▶ EXERCISE: Below is a listing. Return the lines from the one that contains "L'agence WESTANGO a" to the one that contains "riyogems 1pc グリーン", both ends included, verbatim and with no pictures.
**** DATASET ENTRIES
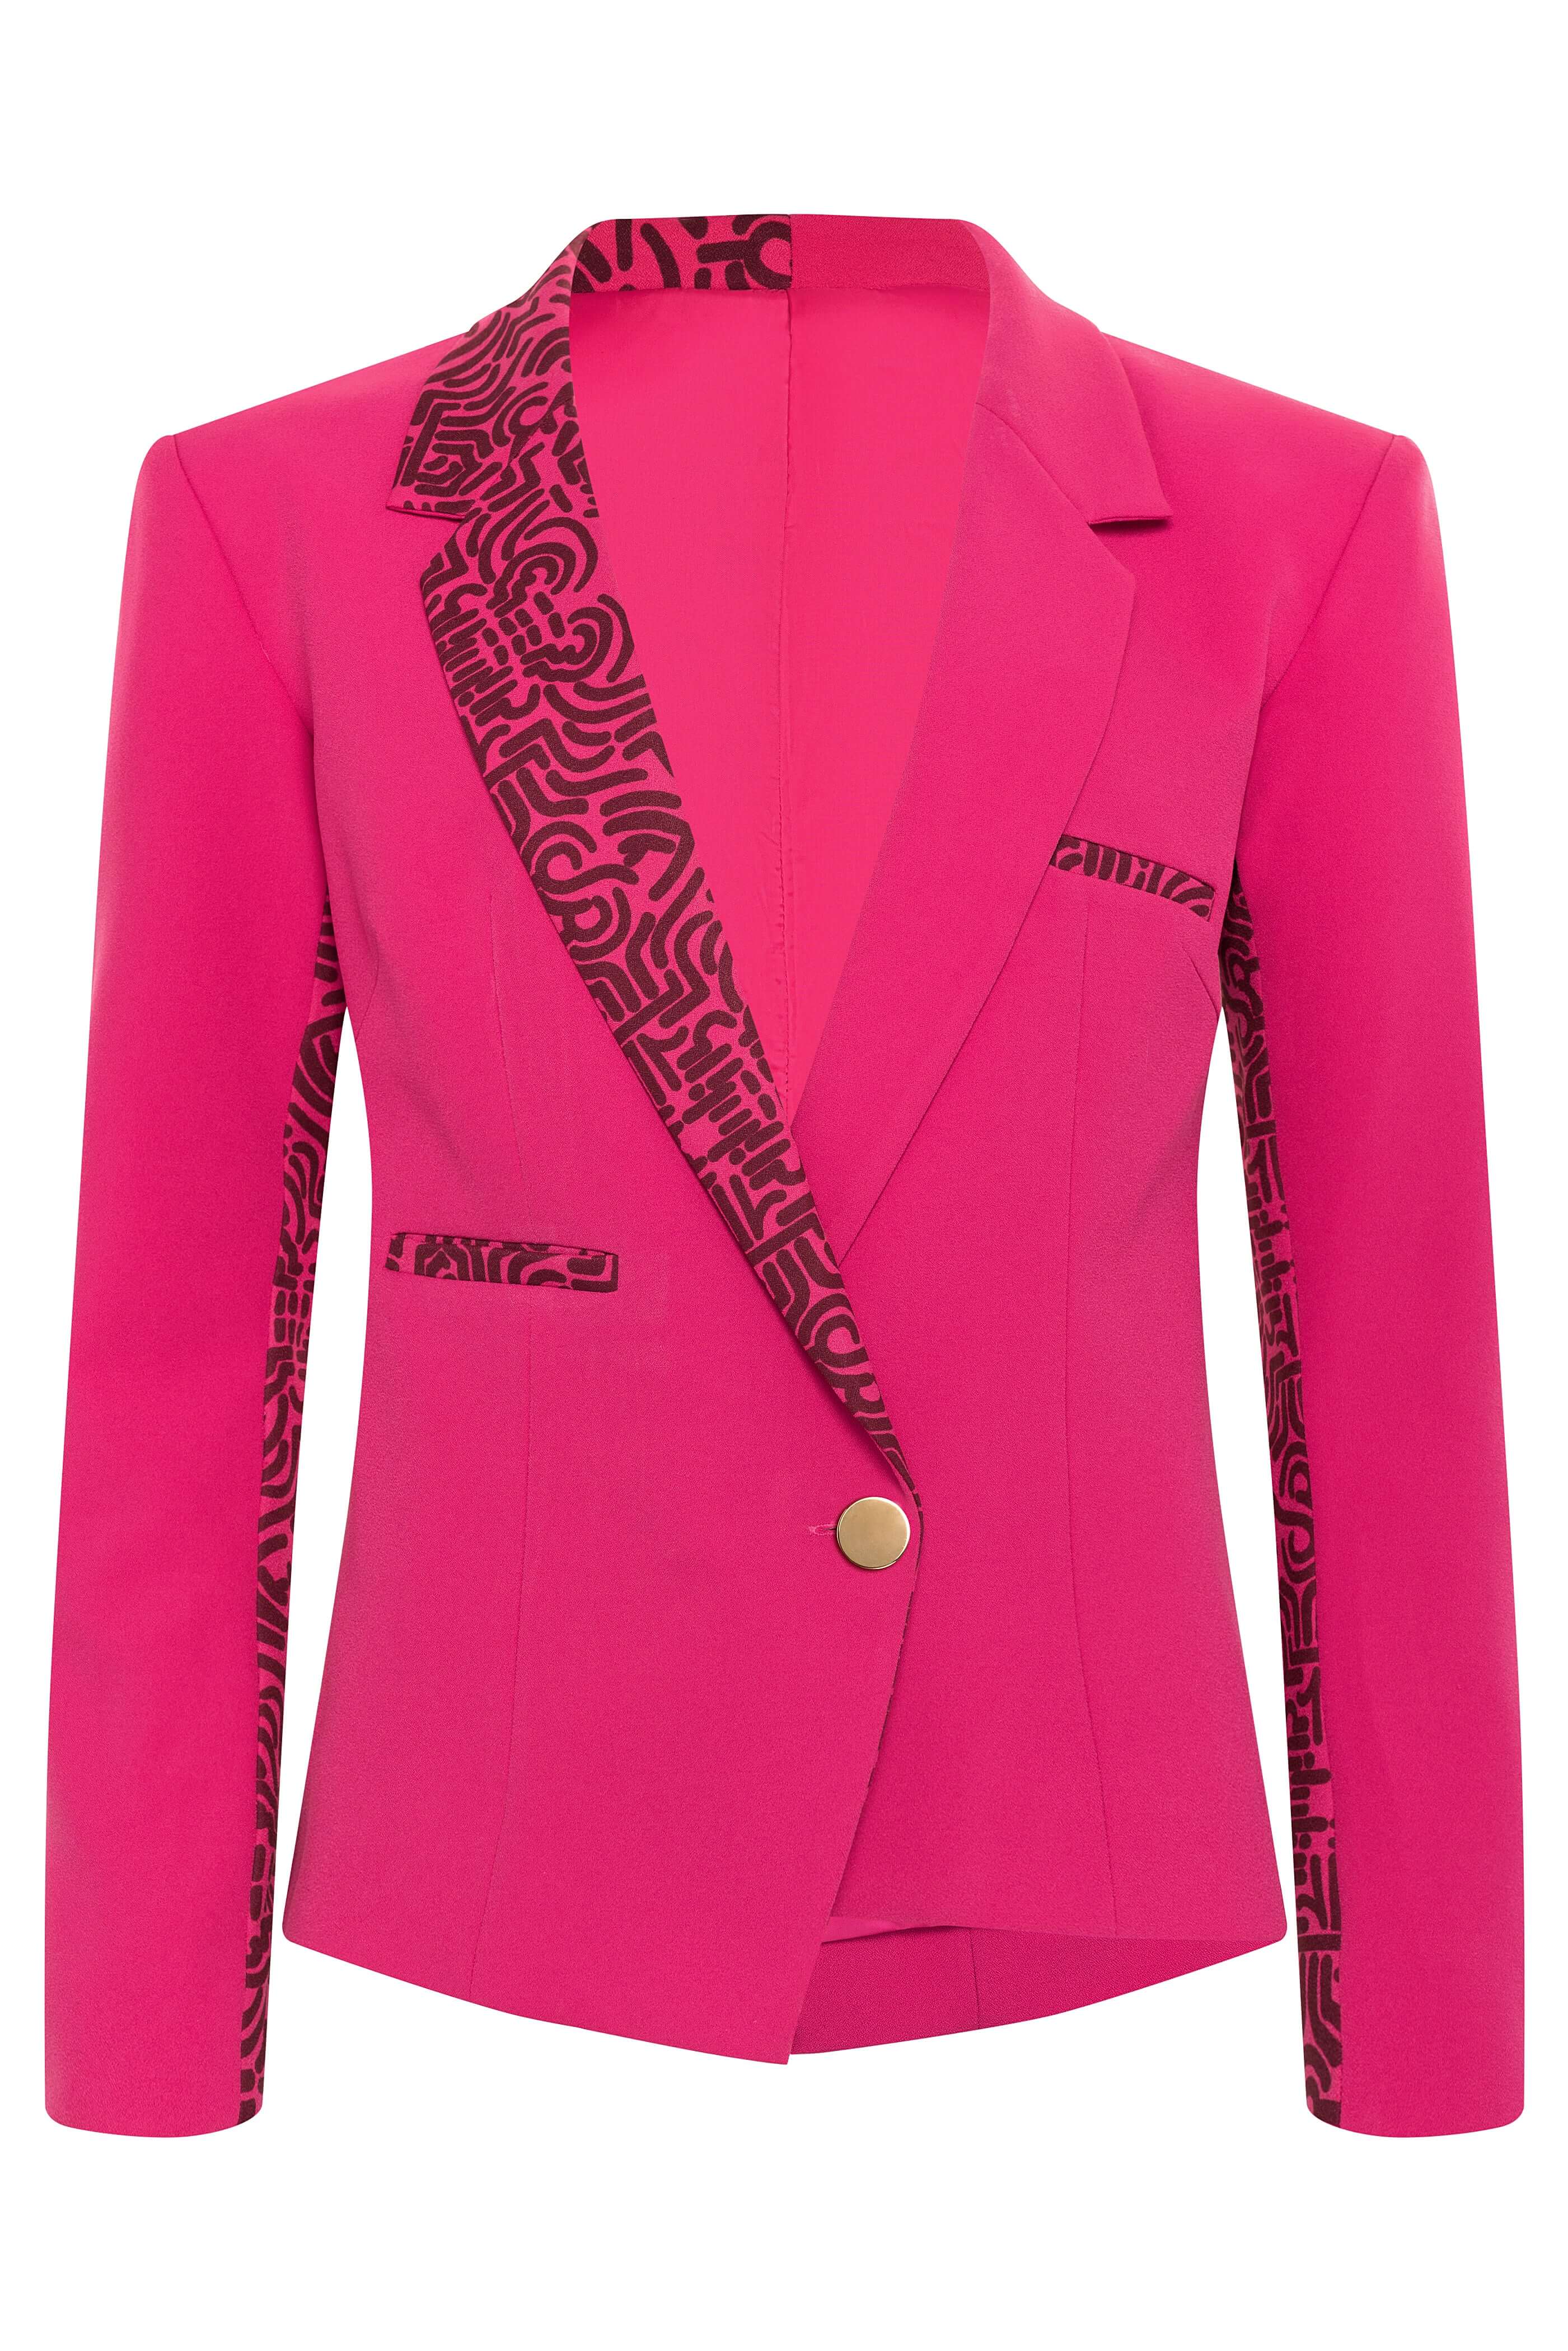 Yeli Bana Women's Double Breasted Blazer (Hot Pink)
********
**** DATASET ENTRIES
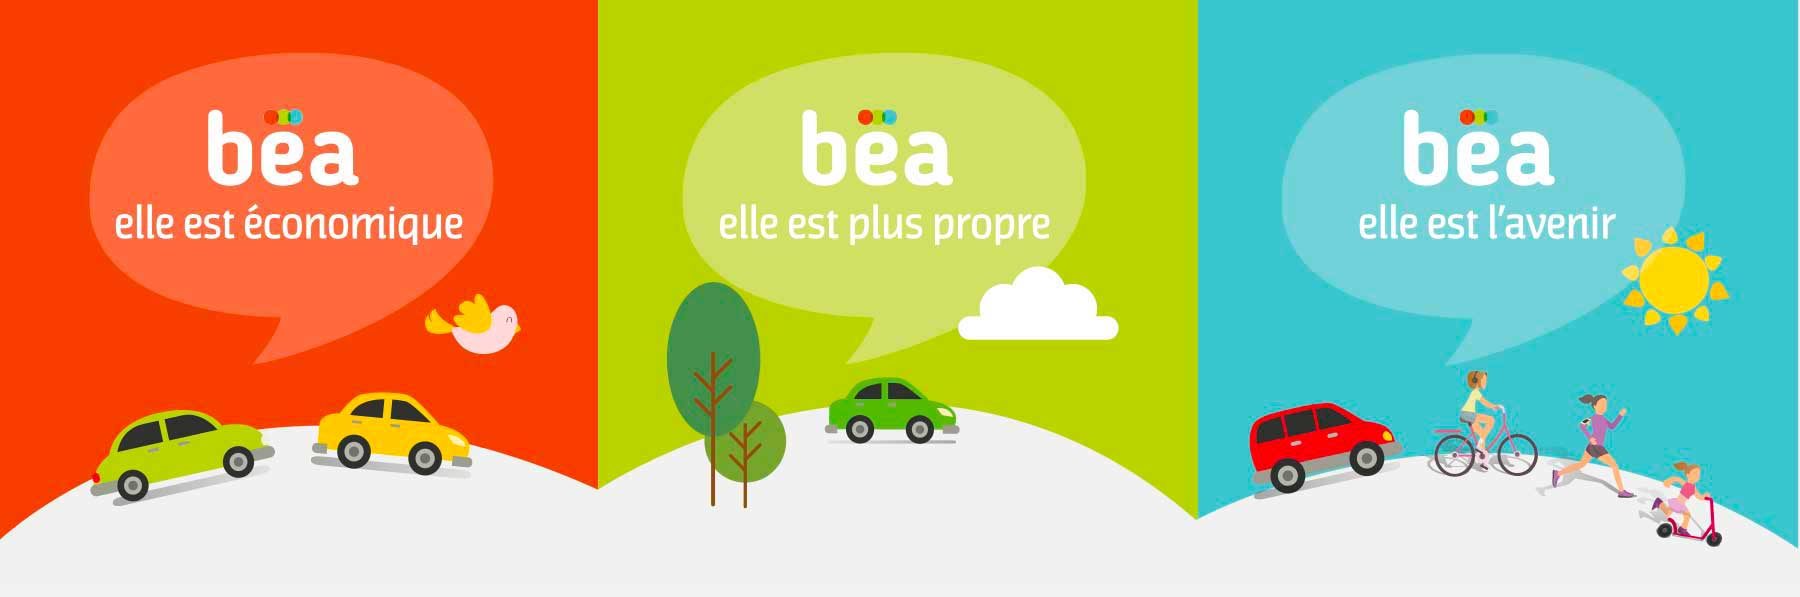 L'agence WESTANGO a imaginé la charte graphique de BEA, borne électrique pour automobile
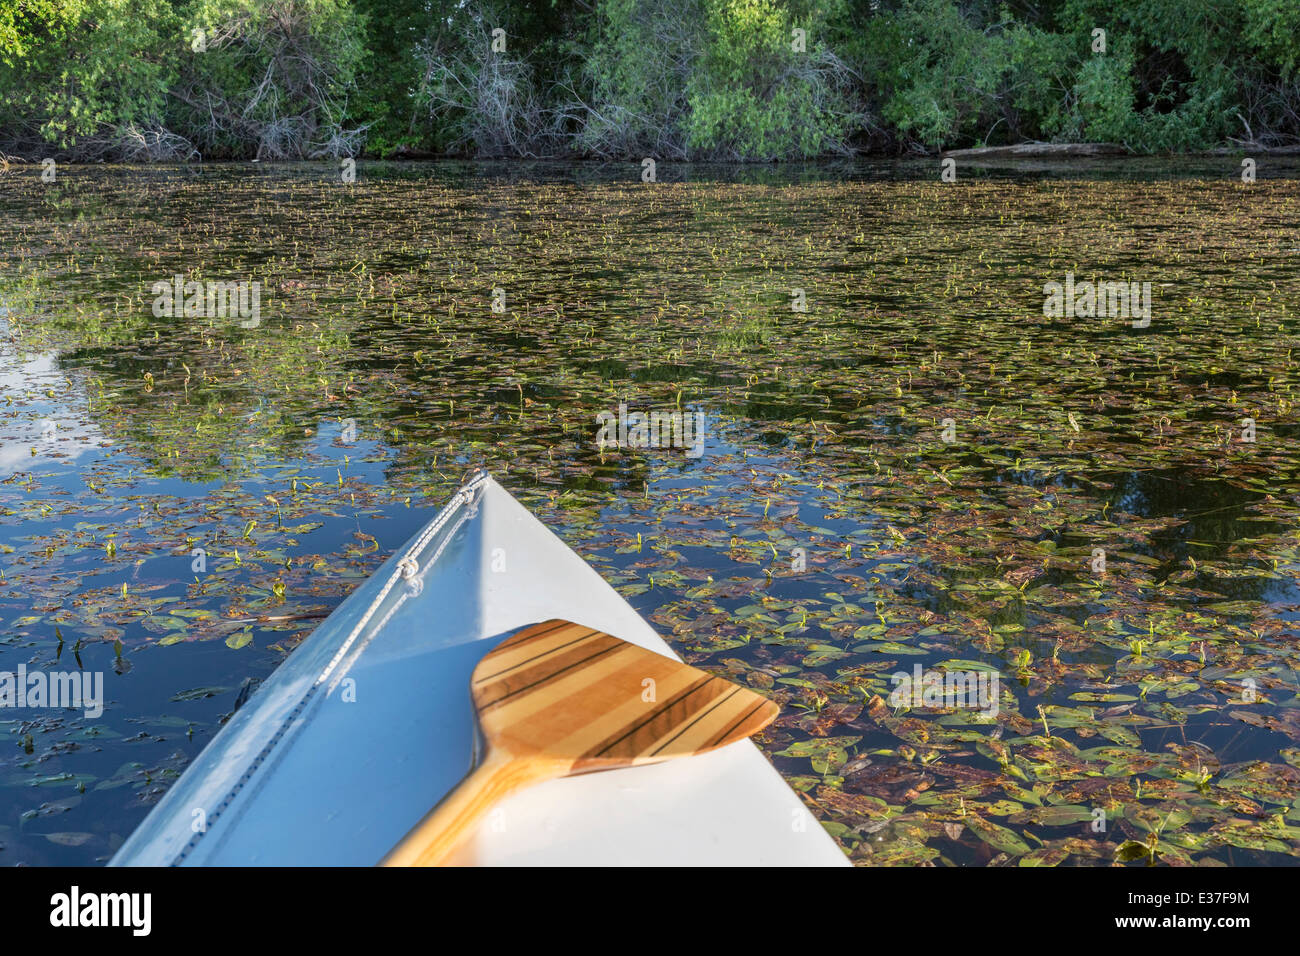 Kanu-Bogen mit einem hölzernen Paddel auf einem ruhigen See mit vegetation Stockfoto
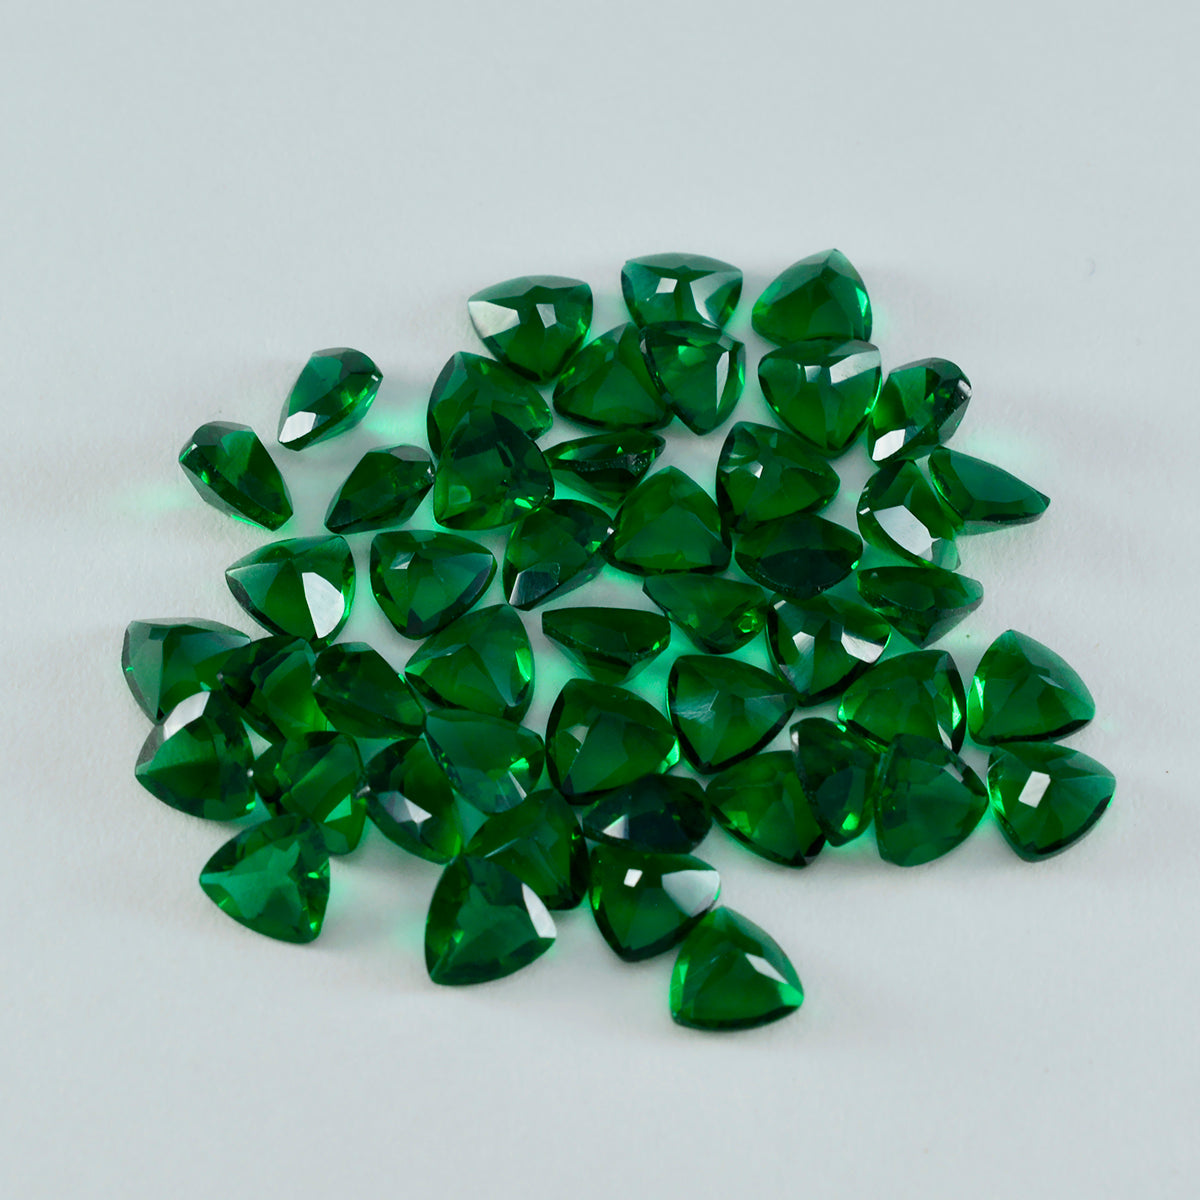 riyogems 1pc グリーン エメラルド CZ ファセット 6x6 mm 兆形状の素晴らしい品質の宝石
********
▶ WRITTEN RESPONSE:
 L'agence WESTANGO a imaginé la charte graphique de BEA, borne électrique pour automobile
 Kanu-Bogen mit einem hölzernen Paddel auf einem ruhigen See mit vegetation Stockfoto
 riyogems 1pc グリーン エメラルド CZ ファセット 6x6 mm 兆形状の素晴らしい品質の宝石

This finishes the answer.